Rob Wiblin: It’s at a competitive disadvantage. So there’s selection pressure going on there.
Will MacAskill: Yeah, exactly. Whereas other moral values, I think we can say they really do seem contingent, and it’s perhaps quite uncontroversial. Attitude to diet, for example. Most of the world’s vegetarians live in India, where something like a third of the population are vegetarian. Why is that? Well, it’s clearly just because of religious tradition. Similarly, why Muslims or Jews tend to not eat pork — again, we can just point to the religious tradition. And there’s clear variation in people’s diet, and that really makes a moral difference as well. So that’s, I think, a very clear-cut case of moral contingency.
How is Will doing?
Rob Wiblin: So basically, you’ve been burning out somewhat, or at risk of burning out, at least very recently.
Will MacAskill: A little bit. But the positive lesson, I think the fact that I had been so attentive to the idea of “it’s a marathon, not a sprint” for many years before that did allow me to pull out the extra gear for these last few months. I also will return to that again. I’m taking some time off literally next week. Maybe things are feeling more set up with the Future Fund. Obviously the book launch will be intense, but I’m going to move back to a more sustainable state. But I think the fact that I had invested in myself, I just now am far happier than I was say 13 years ago. And progressively so: I estimate I’m five to 10 times happier than I was.
Rob Wiblin: So you’re public about having had depression for quite an extended time, as a teenager, as an undergraduate as well, and having spent a lot of time working on that. How have you ended up five or 10 times happier? It sounds like a large multiple.

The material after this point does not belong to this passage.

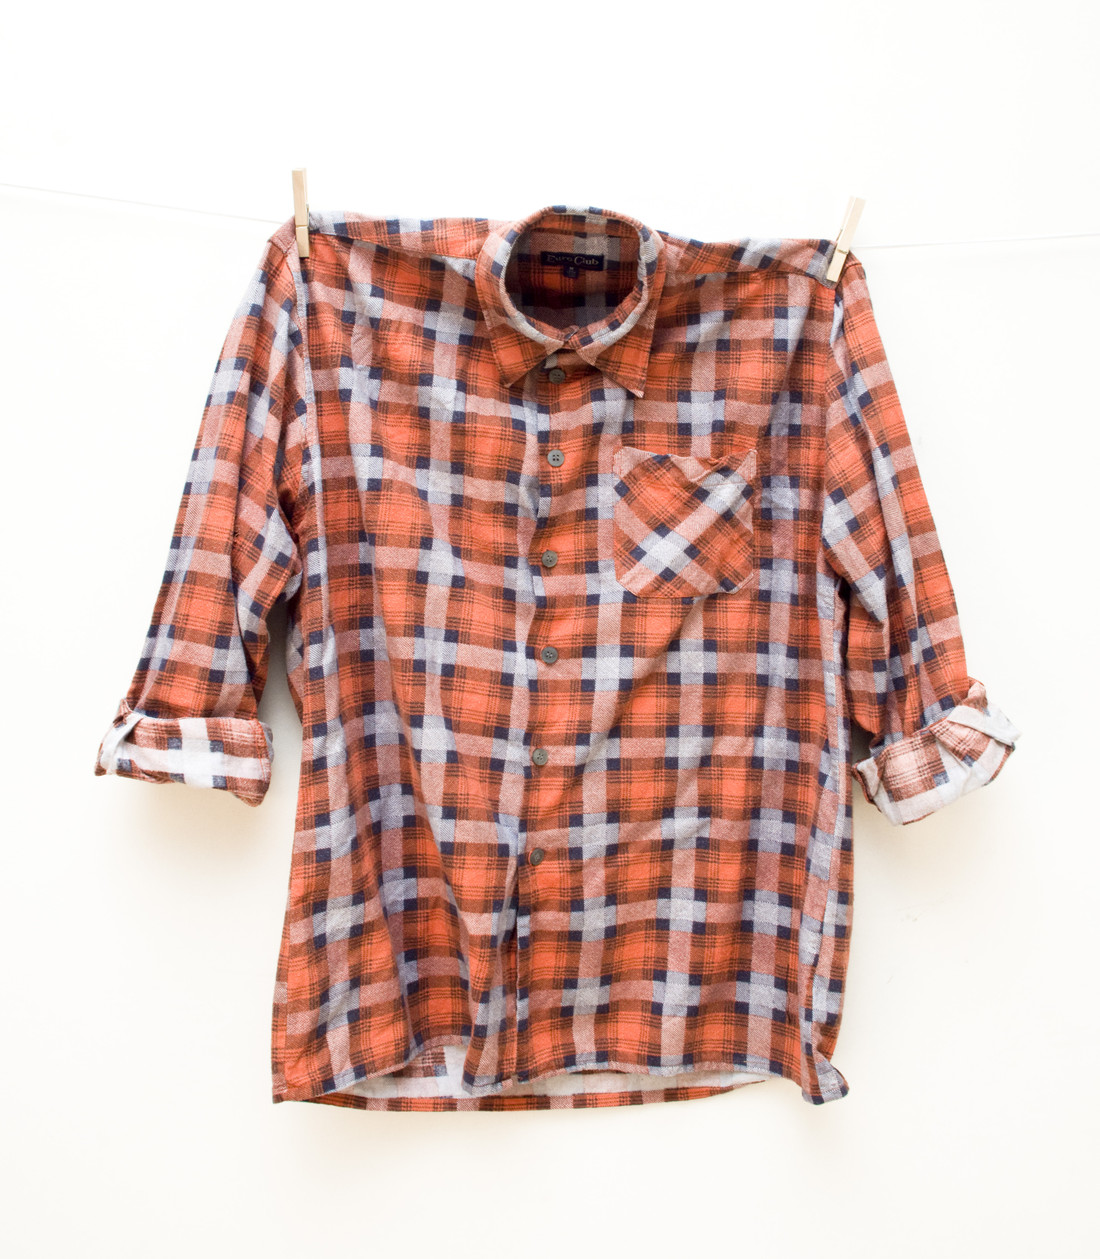 Orange shirt - Pop Sick Vintage

Will MacAskill: One part of it is being still positive, but somewhat close to zero back then. But also now I would say that if I think of my peer group, say friends from university and so on, I’d probably put myself in the happiest 10% or something. So that’s really pretty good.
Rob Wiblin: That’s so good.
Will MacAskill: I mean, I feel happy about it. And that’s been from just a wide variety of things, just over a very long time period. There’s the classics, like learning to sleep well and meditate and get the right medication and exercise. There’s also been an awful lot of just understanding your own mind and having good responses. For me, the thing that often happens is I start to beat myself up for not being productive enough or not being smart enough or just otherwise failing or something. And having a trigger action plan where, when that starts happening, I’m like, “OK, suddenly the top priority on my to-do list again is looking after my mental health.” Often that just means taking some time off, working out, meditating, and perhaps also journaling as well to recognize that I’m being a little bit crazy.
Rob Wiblin: Overriding the natural instincts.
Will MacAskill: Exactly, yeah. So perhaps I’ll be feeling on a day, “I’m being so slow at this. Other people will be so much more productive. I’m feeling inadequate.” Then I can be like, “OK, sure. Maybe today is not going so well. But how is the last six months or something? Think about what you have achieved then.” And then it’s like, “OK, that does seem better.” So I’ve just gotten better at these mental habits, and that’s just been this very long process, but it’s really paid off, I think.